The problem is then Vo=-2V1-10V2-11V3-V4....Shoud i use and non-inverting adder,conecing the resistors to the non-inverting input?

Thanks

2. ### Ron H AAC Fanatic!

Apr 14, 2005
7,012
681
You could do it with one op amp, but the math is messy.
With 2 op amps, it becomes simple. Your problem definition doesn't restrict you a single op amp.

3. ### WBahn Moderator

Mar 31, 2012
24,338
7,600
Are these the constraints you have to work with? If so, then are V1, V2 and V3 the "three different voltage sources" referred to? What is V4? Some reference voltage?

4. ### ac_dc_1 Thread Starter Member

Jan 27, 2013
74
0
V1,V2,V3 and V4 are reference voltages.Using two opamps,i have to do an inverting adder with V1,V2 and V3?
The problem is that in the function that i am looking for all terms are positive except for V4...So using an inverting adder i will get -2V1-10V3-11V3....How can i make the terms positive?Is there another configuration of a non inverting adder?

Thanks

5. ### Ron H AAC Fanatic!

Apr 14, 2005
7,012
681
This is homework help, so I'm not going to tell you the solution, but here is a big hint.
Use two cascaded inverting summing amplifiers. Keep in mind that you don't have to do all the summing in the first amplifier.

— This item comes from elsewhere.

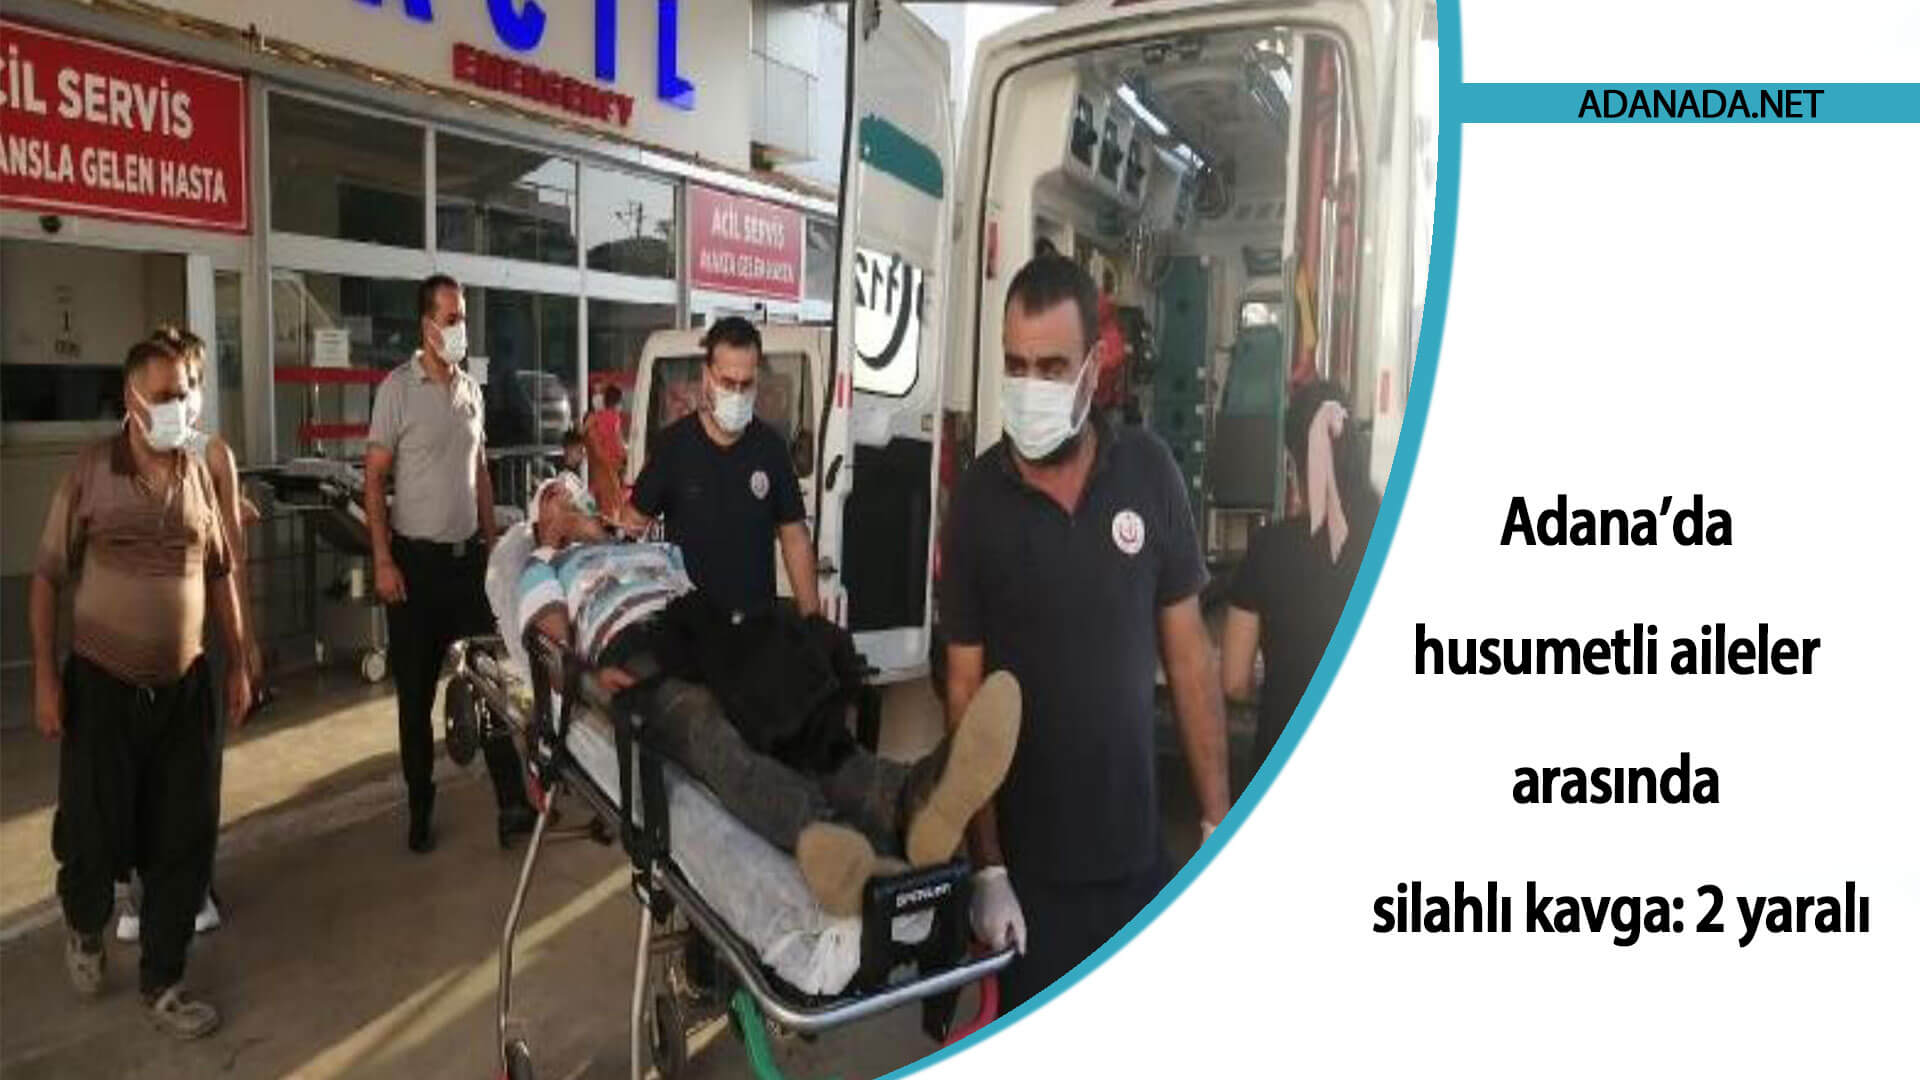 Adana’da husumetli aileler arasında silahlı kavga: 2 yaralı

6. ### ac_dc_1 Thread Starter Member

Jan 27, 2013
74
0
I think you could use one opamp to create 11*(V3-V4) and another to do the other summing.
The problem is that in the function that i am looking for all terms are positive except for V4...So using an inverting adder i will get -2V1-10V3-11V3....How can i make the terms positive?Is there another configuration of a non inverting adder?

7. ### Ron H AAC Fanatic!

Apr 14, 2005
7,012
681
Here's a bigger hint:

Vout = -(-2V1-10V2-11V3)-V4

8. ### ac_dc_1 Thread Starter Member

Jan 27, 2013
74
0

So i use one inverting adder with three resistors (i can make Rf=10KR1=5k,R2=1k,R3=1,1k) referenced to V1,V2 and V3 to do -2V1-10V2-11V3

Then the output of the that inverting adder enters the inverting input of the second inverting adder where i have one resistor (R4=10k) referenced to V4.

Is that it?

Thanks

9. ### Ron H AAC Fanatic!

Apr 14, 2005
7,012
681
You have to have a resistor between the output of the 1st op amp to the -input of the 2nd op amp, and a feedback resistor.
What are their values?

Also, R3=1.1k Will not give you the correct answer. You need to think a little harder and do the math.

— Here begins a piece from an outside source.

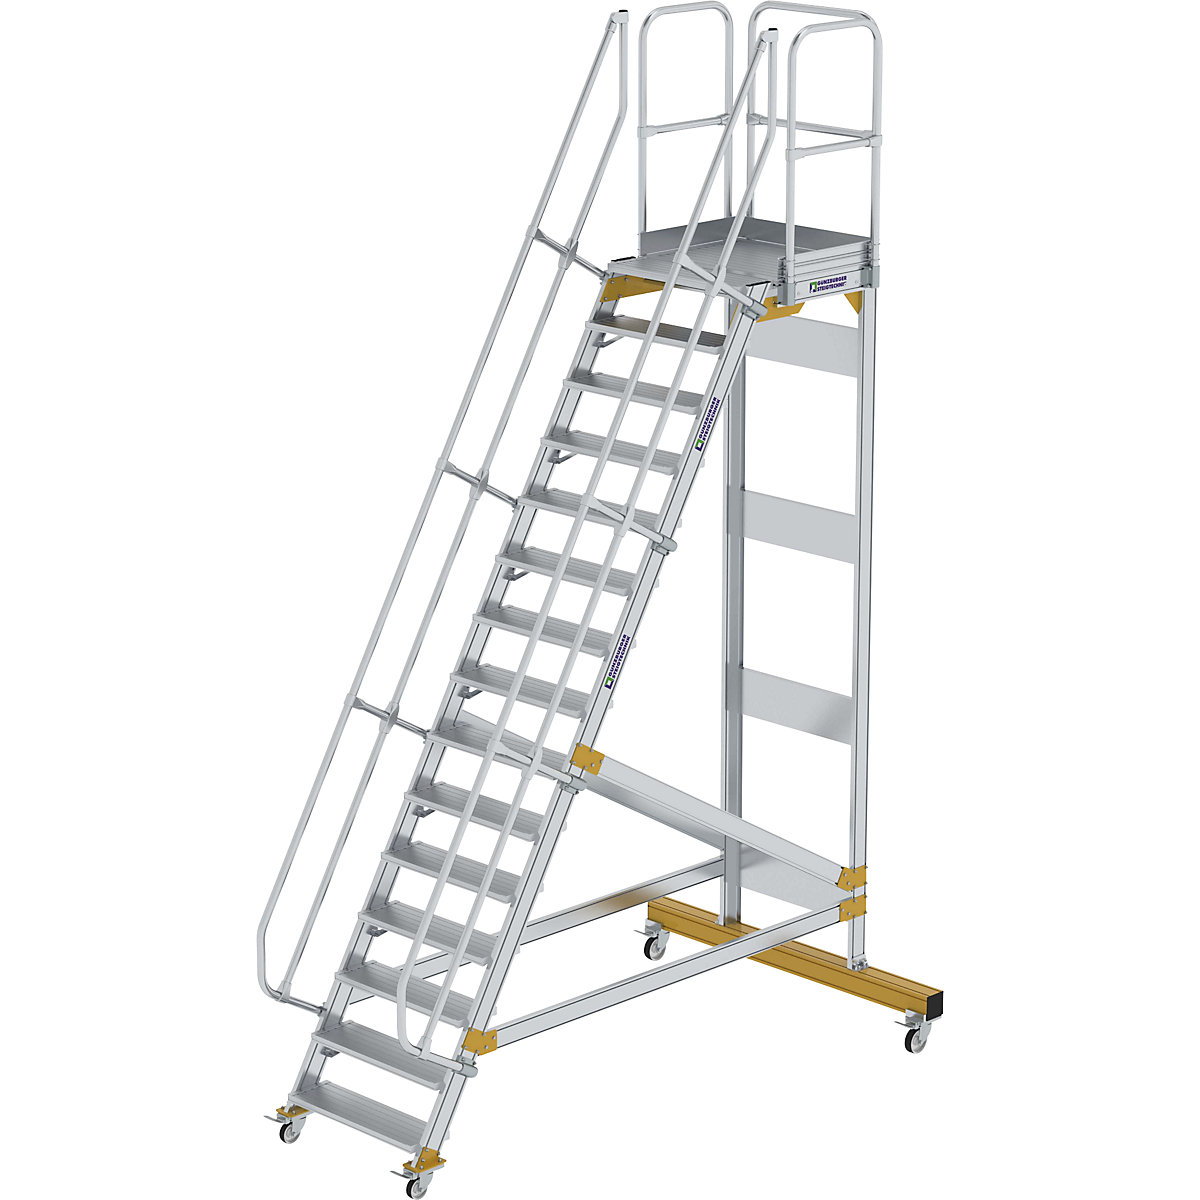 Escada de segurança móvel – MUNK, ângulo de inclinação 60°, 15 degraus-6

10. ### ac_dc_1 Thread Starter Member

Jan 27, 2013
74
0

The feedback resistor of both amplifiers will be equal to 10k(value that i defined)

The value of R3 was incorrect as you mentioned it should be something like 0.9k

About the resistor that conects the output of the first op amp to the second i have no idea how to calculate its value..I thought i could conect de Vo of the 1st Op Amp to the inverting input of the second.What are the conditions for calculating that resistor?

Thanks

11. ### Ron H AAC Fanatic!

Apr 14, 2005
7,012
681
You understand the concept of summing in the 1st amplifier. You are summing two terms in the second amplifier, right? What are those terms? Think, man. I believe you are leaning too heavily on me, and not using your head. I won't be here when you get in a workplace environment.

12. ### WBahn Moderator

Mar 31, 2012
24,338
7,600
What is the mathematical relationship for the output of the first amp, including all the scaling? Call the V5. You second circuit is just another inverting adder that is using V5 and V4. What is the output of the second circuit in terms of V4 and V5, including all the scaling due to the resistors in that circuit? Now substitute in the first expression (what V5 is in terms of V1, V2 and V3) and you now can see how each term is affected by which resistors.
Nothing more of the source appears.